Dyld is a dynamic linker, so how does it load our main program and the dynamic library we use, and when is the load method called
Dyld_start: DYLD entrance
First, we create a new iOS project dyldDemo. We override the +(void)load method in viewController.m, and set a breakpoint in the load method, using the BT directive to view the function call stack there
(LLDB) thread #1, queue = 'com.apple.main-thread', stop reason = breakPoint 1.1 * frame #0: 0x000000010e58ce4c dyldDemo`+[ViewController load](self=ViewController, _cmd="load") at ViewController.m:23:1 frame #1: 0x00007fff201804e3 libobjc.A.dylib`load_images + 1442 frame #2: 0x000000010e5a0e54 dyld_sim`dyld::notifySingle(dyld_image_states, ImageLoader const*, ImageLoader::InitializerTimingList*) + 425 frame #3: 0x000000010e5af887 dyld_sim`ImageLoader::recursiveInitialization(ImageLoader::LinkContext const&, unsigned int, char const*, ImageLoader::InitializerTimingList&, ImageLoader::UninitedUpwards&) + 437 frame #4: 0x000000010e5adbb0 dyld_sim`ImageLoader::processInitializers(ImageLoader::LinkContext const&, unsigned int, ImageLoader::InitializerTimingList&, ImageLoader::UninitedUpwards&) + 188 frame #5: 0x000000010e5adc50 dyld_sim`ImageLoader::runInitializers(ImageLoader::LinkContext const&, ImageLoader::InitializerTimingList&) + 82 frame #6: 0x000000010e5a12a9 dyld_sim`dyld::initializeMainExecutable() + 199 frame #7: 0x000000010e5a5d50 dyld_sim`dyld::_main(macho_header const*, unsigned long, int, char const**, char const**, char const**, unsigned long*) + 4431 frame #8: 0x000000010e5a01c7 dyld_sim`start_sim + 122 frame #9: 0x000000010f84857a dyld`dyld::useSimulatorDyld(int, macho_header const*, char const*, int, char const**, char const**, char const**, unsigned long*, unsigned long*) + 2093 frame #10: 0x000000010f845df3 dyld`dyld::_main(macho_header const*, unsigned long, int, char const**, char const**, char const**, unsigned long*) + 1199 frame #11: 0x000000010f84022b dyld`dyldbootstrap::start(dyld3::MachOLoaded const*, int, char const**, dyld3::MachOLoaded const*, unsigned long*) + 457 frame #12: 0x000000010f840025 dyld`_dyld_start + 37Copy the code
We can see that dyld calls start from _dyLD_START in dyLDBootstrap
dyld3::kdebug_trace_dyld_marker(DBG_DYLD_TIMING_BOOTSTRAP_START, 0, 0, 0, 0); rebaseDyld(dyldsMachHeader); // 1 const char** apple = envp; while(*apple ! = NULL) { ++apple; } ++apple; // set up random value for stack canary __guard_setup(apple); // 2 #if DYLD_INITIALIZER_SUPPORT // run all C++ initializers inside dyld runDyldInitializers(argc, argv, envp, apple); #endif _subsystem_init(apple); // now that we are done bootstrapping dyld, call dyld's main uintptr_t appsSlide = appsMachHeader->getSlide(); return dyld::_main((macho_header*)appsMachHeader, appsSlide, argc, argv, envp, apple, startGlue);Copy the code
- 1,
Relocation dyld
When the APP starts, the system will provide the process with a virtual memory offset ASLR, yesdyld
Make corrections. - 2. Protect the stack space.
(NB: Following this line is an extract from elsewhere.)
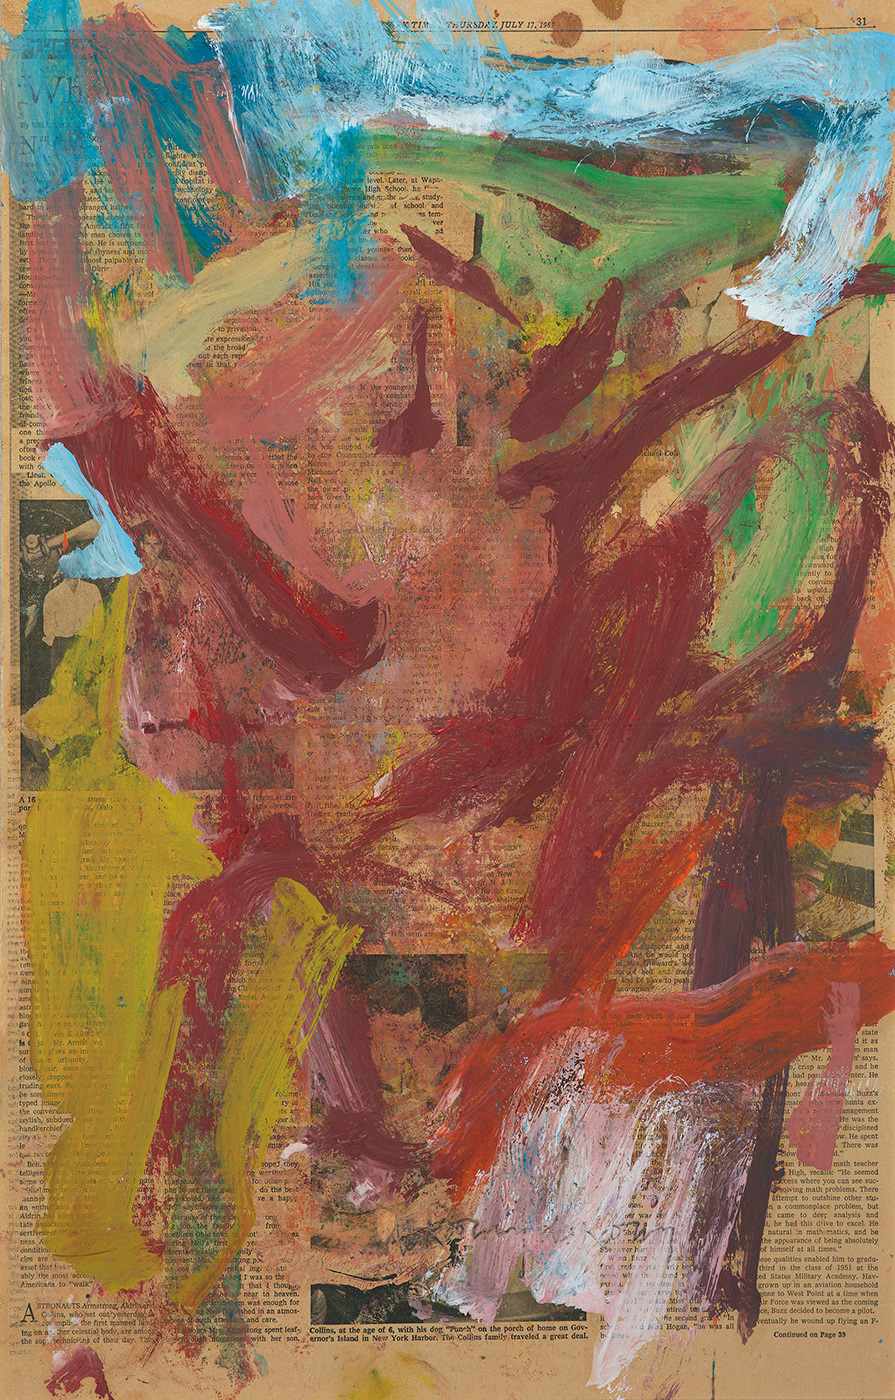 Willem de Kooning, Thursday July 17, 1969,  Oil on Newspaper,  23 x 14 1/2 inches, Abstract piece with muted color marks over a newspaper page. Willem de Kooning was one of the largest Abstract Expressionist painters who focused on gestural movement, Cubism, Surrealism and Expressionism.

Main program environment configuration
In dyld: : _main, environment configuration of the main program, the initialization mainExecutableCDHash (the main function of the hash), sMainExecutableMachHeader (Mach – O header), SMainExecutableSlide (ASLR memory offset of the main program), which gives you the address and memory offset of the main program’s Mach-oheader.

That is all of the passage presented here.